24.09.05 Fozi, Shirin. Romanesque Tomb Effigies: Death and Redemption in Medieval Europe, 1000-1200.


In this important book, Shirin Fozi deftly synthesizes prior research and pursues new directions that result in a compelling history of the emergence of tomb effigies in western Europe during the eleventh and twelfth centuries. Her work spans a gap in the study of what became an important genre of medieval monument from the thirteenth century onward. While a few of the effigies Fozi examines are well-known, the development of the artform has previously slid between the cracks of scholarly frameworks. The study of Romanesque art, for instance, privileges architectural sculpture from southern France, northern Spain, and Italy, not the sculptures made for church interiors in Germany at the heart of Fozi’s research. Similarly, histories of tomb sculpture and decoration typically treat eleventh- and twelfth-century effigies teleologically as classical revivals that paved the way for the magnificent tombs of the later Middle Ages and early modern period. Romanesque Tomb Effigies escapes these constraints, weaves a history from scattered, fragmentary evidence, and navigates the pull of previous scholarship to examine the effigies afresh. The book offers two key claims. First, contrary to later norms, none of the effigies studied, based on extant evidence, were commissioned by the individuals they represent. Second, the earliest medieval effigies did not celebrate triumph, but ameliorated failure or attempted to remedy waning power through remembrance.

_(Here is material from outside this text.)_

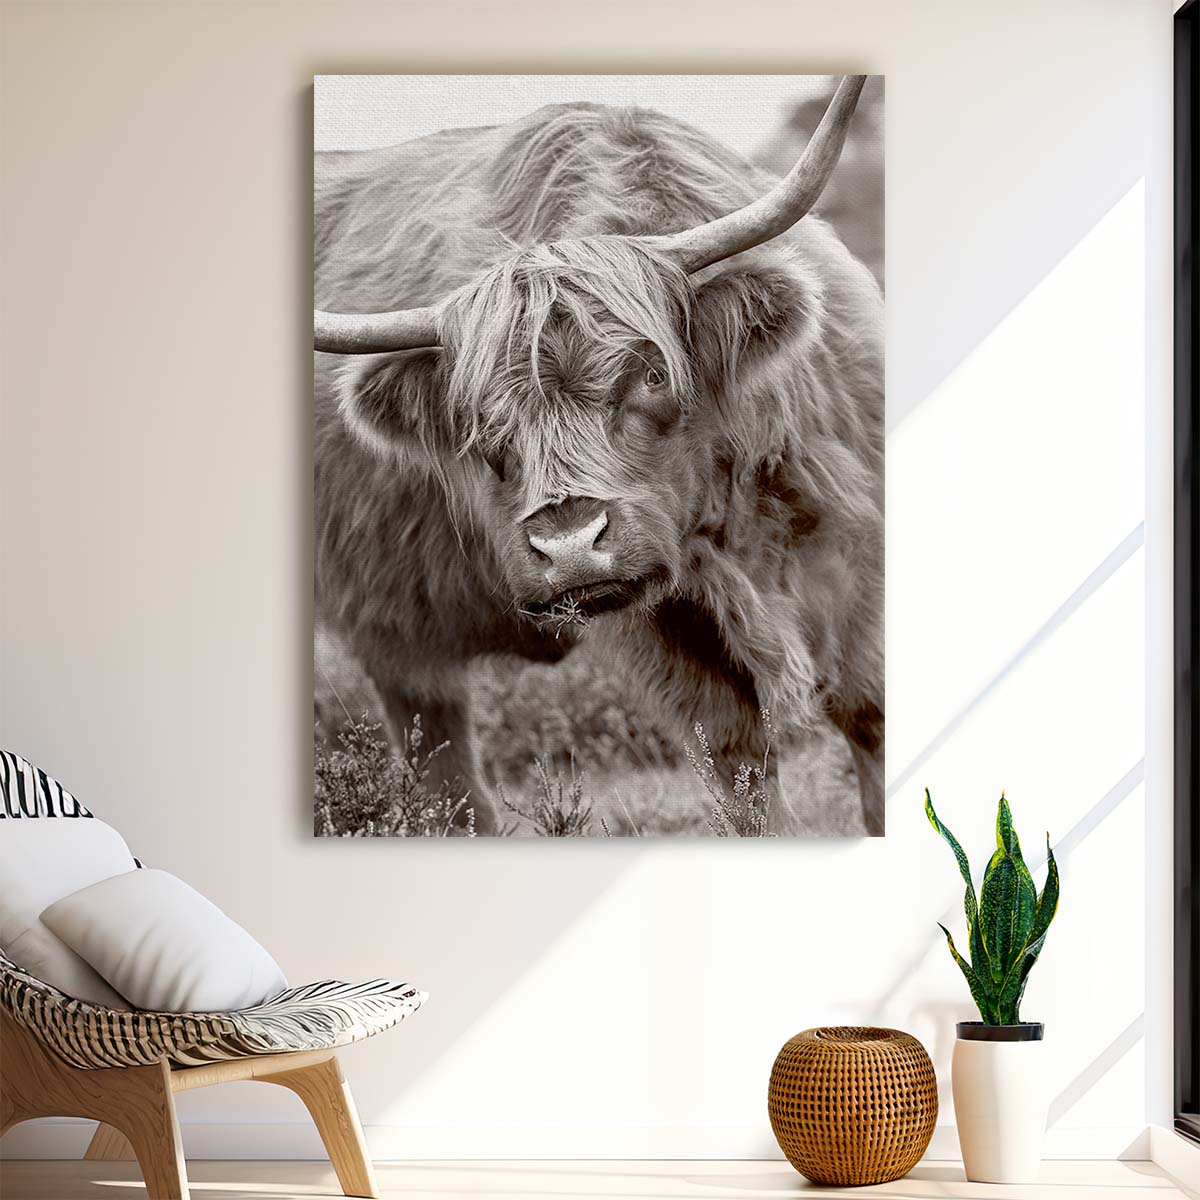 Highland Bull Close-Up Photography Wall Art by Jacky Parker by Luxuriance Designs, made in USA

The first chapter focuses on three eleventh-century effigies that present tensions between “the physical presence and spiritual absence of the dead” (14): the sarcophagus and tomb slab of Bishop Bernward of Hildesheim, the tomb slab of Abbot Isarn at St.-Victor in Marseille, and the reliefs dedicated to Abbots Durand and Anquêtil from the cloister at Moissac. Bernward’s fascinating sarcophagus consists of a gabled lid with eschatological imagery framed by the text of Job 19:25-7. Interestingly, Bernward’s name and title was carved along the top edge of the receptacle, which is concealed by the lid. The tomb slab, which likely closed the burial shaft holding the sarcophagus, bears the incised image of a processional cross in a stand with a lengthy inscription that gives voice to the corpse, “Part of a man, Bernward, was I,” which then describes its miserable state and failings in life. Fozi brilliantly analyzes the epitaph of the slab, which expresses the fragmentation of person both through textual content and the split arrangement of the inscription around the cross. Notably, she draws attention to how the tang of the cross driven through the middle of the word “BE/NE” sunders the “good” in a visceral expression of the corpse’s admission of Bernward’s shortcomings as bishop. She also observes a contrast between the way Bernward emblazoned his name on artworks he commissioned and how his name is hidden on the sarcophagus, which leads her to posit “a tension between his memoria and the fate of his physical remains” (24). Fozi demonstrates that the relationships between corpse and soul as well as representation and body emerge as a guiding preoccupation for the representations of Isarn and Durand as well. For the former, tension manifests between the textual biography that overlays and obscures the body beneath. In the case of Durand, the relief asserts the Christ-like presence of Durand among the images of saints and the living monastic community in the cloister, while his body was probably buried in the church.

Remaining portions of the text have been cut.